Over the years, health professionals are constantly hammering us about the harmful effects of trans fats and why we should stay clear of them. The food industry is not oblivious to this, and they eventually follow the trend. By now, many big name companies are proudly selling no-trans fat products. Of course, these products do not automatically make them healthy, but they are nevertheless healthier than they once were.
While trans fat can be naturally found in animal food sources, they can also be artificially created thanks to manufacturing techniques. Processed foods are often loaded with artificial trans fat, mainly deriving from partially hydrogenated oils. But get this: cooking can create trans fat as well.
A team of researchers from India sought to evaluate the formation of trans fat following the heating/frying process of various oils/fats.
No need for high-end industrial gadgets to create trans fats after all.
About Trans Fats
Trans fats are the villain of the bunch, causing more damage to the body than saturated fats. They are known to cut down the good cholesterol and elevate the bad cholesterol in our body. Some studies suggest a possible link between the consumption of trans fats and the development of insulin resistance and type 2 diabetes.
The formation of trans fats depends on two major cooking factors: the temperature of the oil and the number of time it is reused.

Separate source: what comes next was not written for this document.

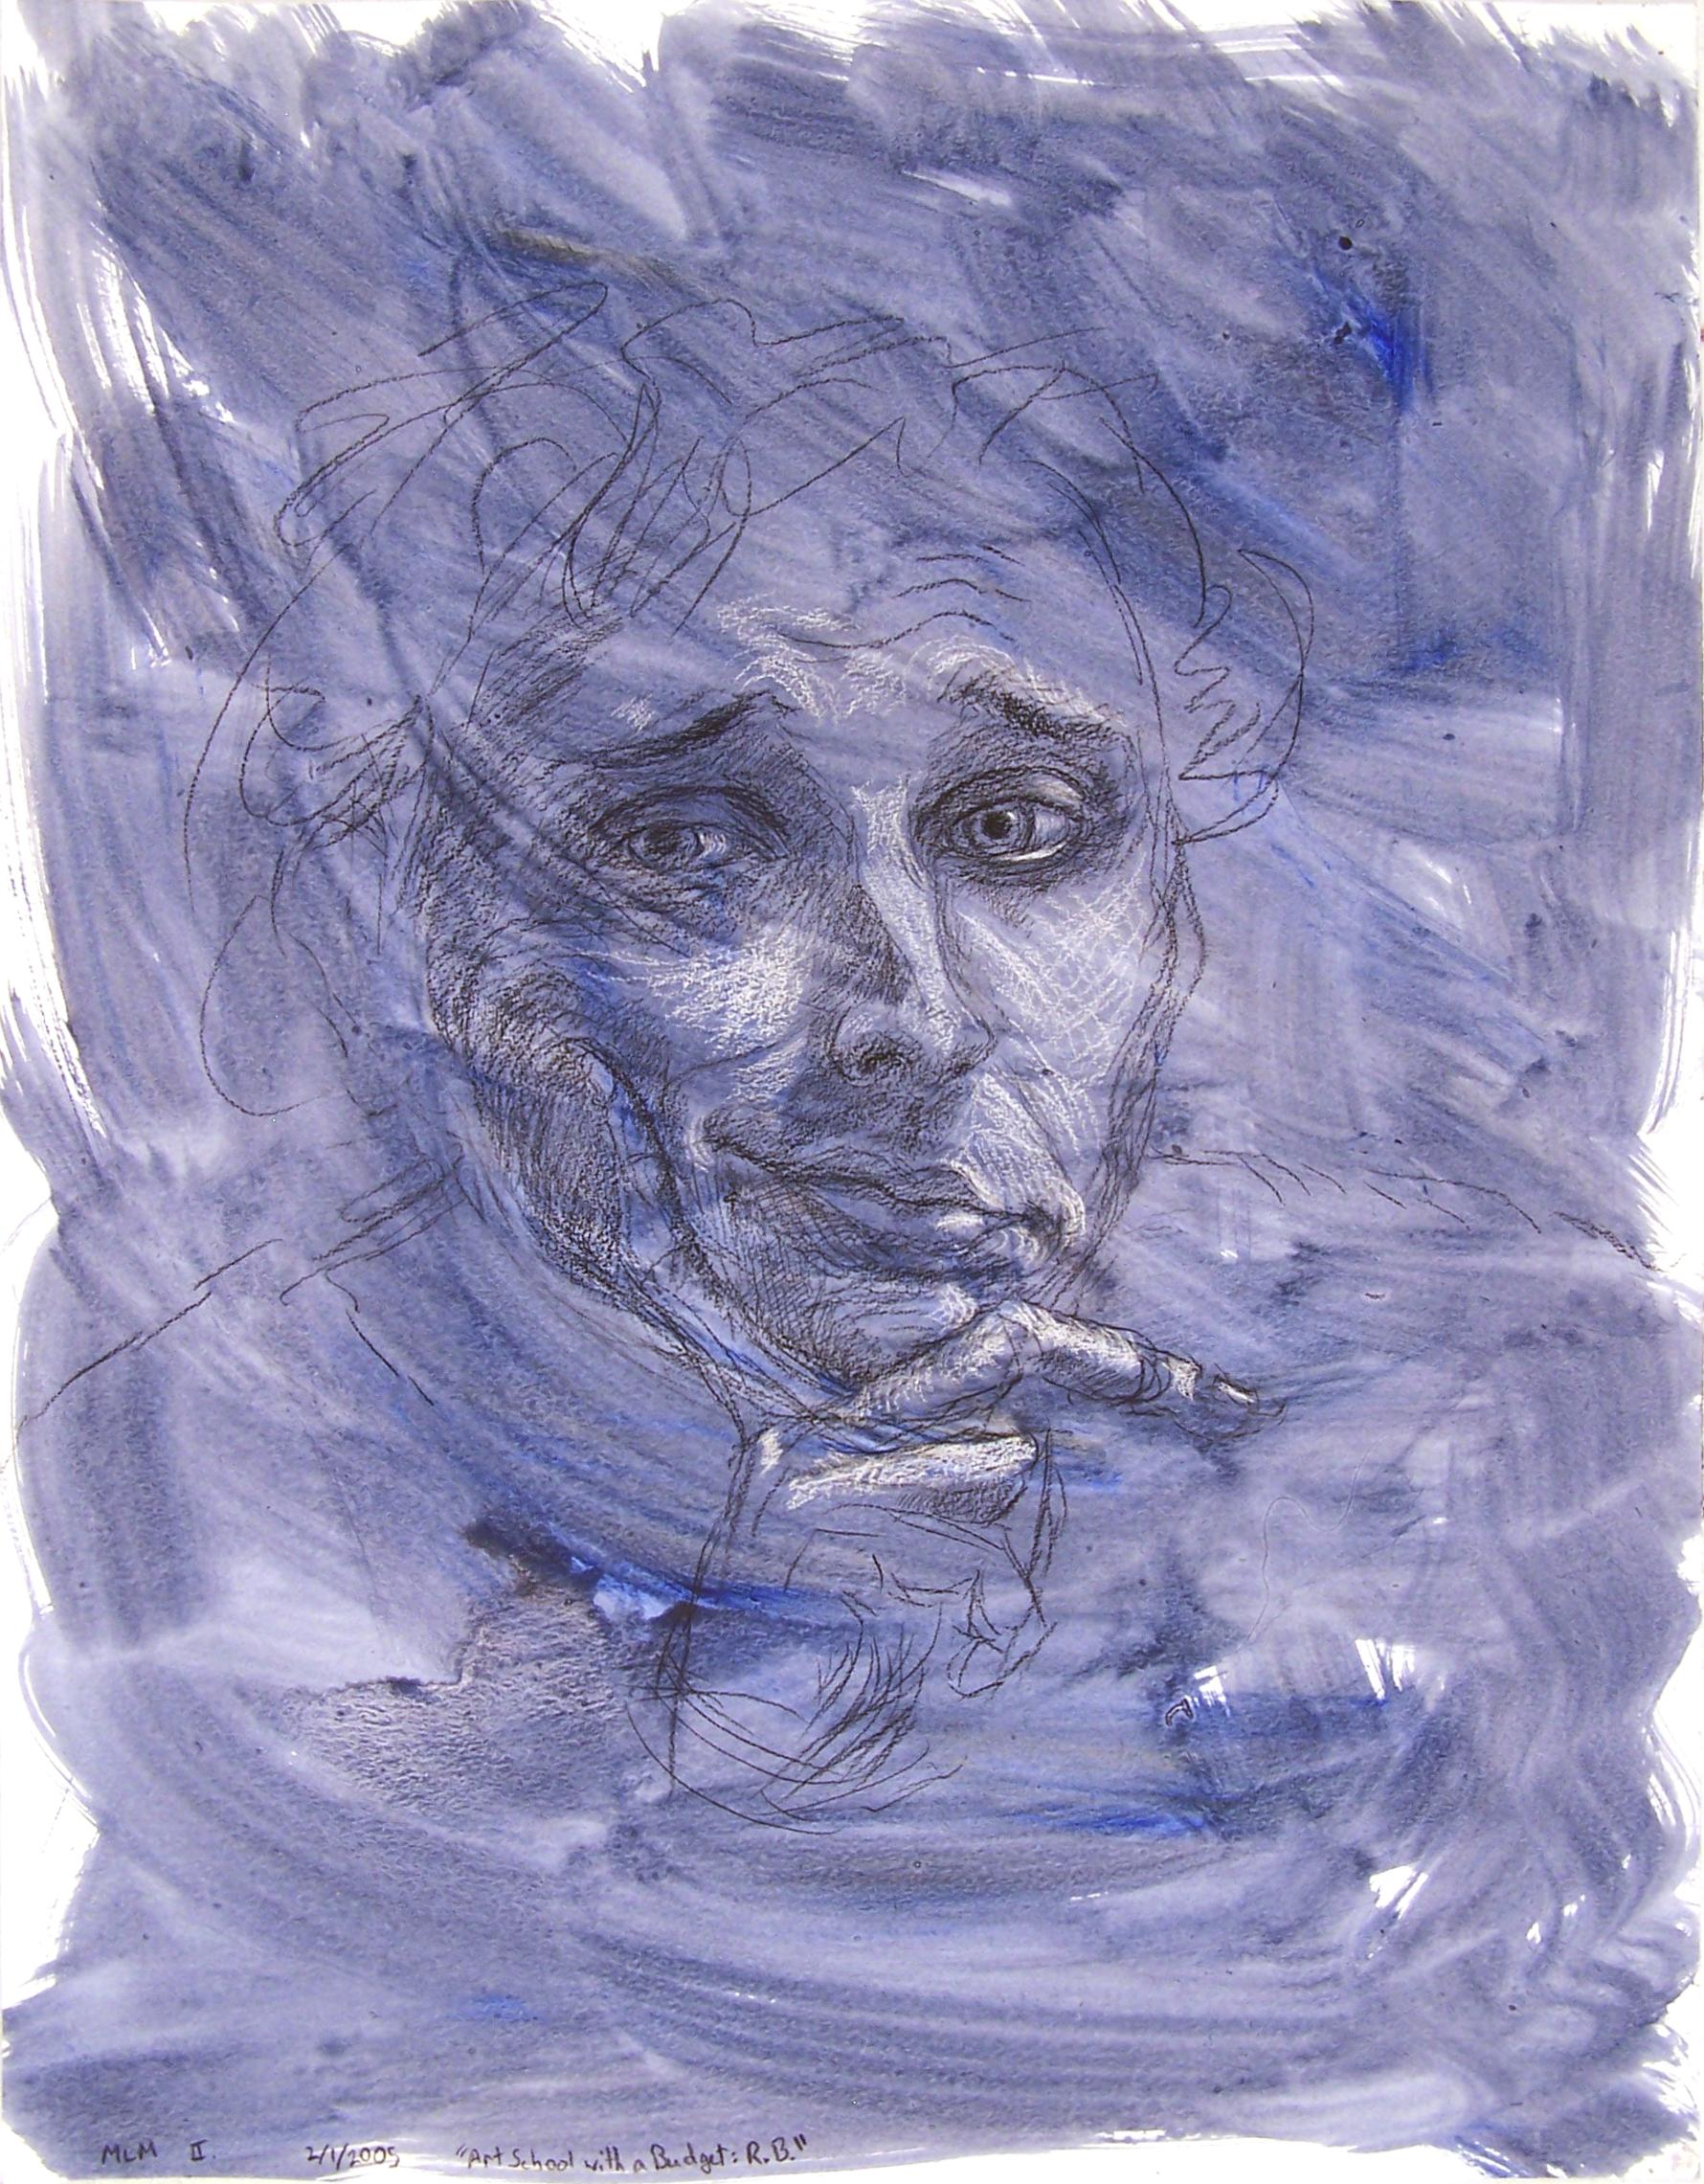 MeadMcLean-ArtShow-2005-ConteAndAcrylicOnPaper-30x22inches.jpg

Longer cooking time, multiple usages, and higher temperature generate more trans fat. Some European guidelines recommend keeping the frying oil below 180°C to limit the formation of trans fat.
The researchers selected six fats/oils that are commonly used in Indian cuisine to conduct their experiment: refined soybean oil, refined groundnut oil, refined olive oil, refined rapeseed oil, clarified butter (ghee), and partially hydrogenated oil. Oils and fats underwent two cooking temperature: 180°C and 220°C. Frying and heating were repeated four times each and sample of oils were collected for analysis.
Both cooking temperature led to an increase of trans fats, saturated fats, and a reduction of cis-unsaturated fatty acids.
“Although there were significant variations in the amount of TFA [trans fatty acids] formation depending upon the fat/oil (p < 0.001), the overall trend indicated an increase in formation of TFA on subsequent heating/frying,” reported the authors.
The absolute net change in trans fat content reaches nearly 4 g/100 g, with no significant difference between frying and heating.
Bottom line: Reusing oil, cooking at high temperature, and long cooking time appear to be a winning combination for the formation of trans fats.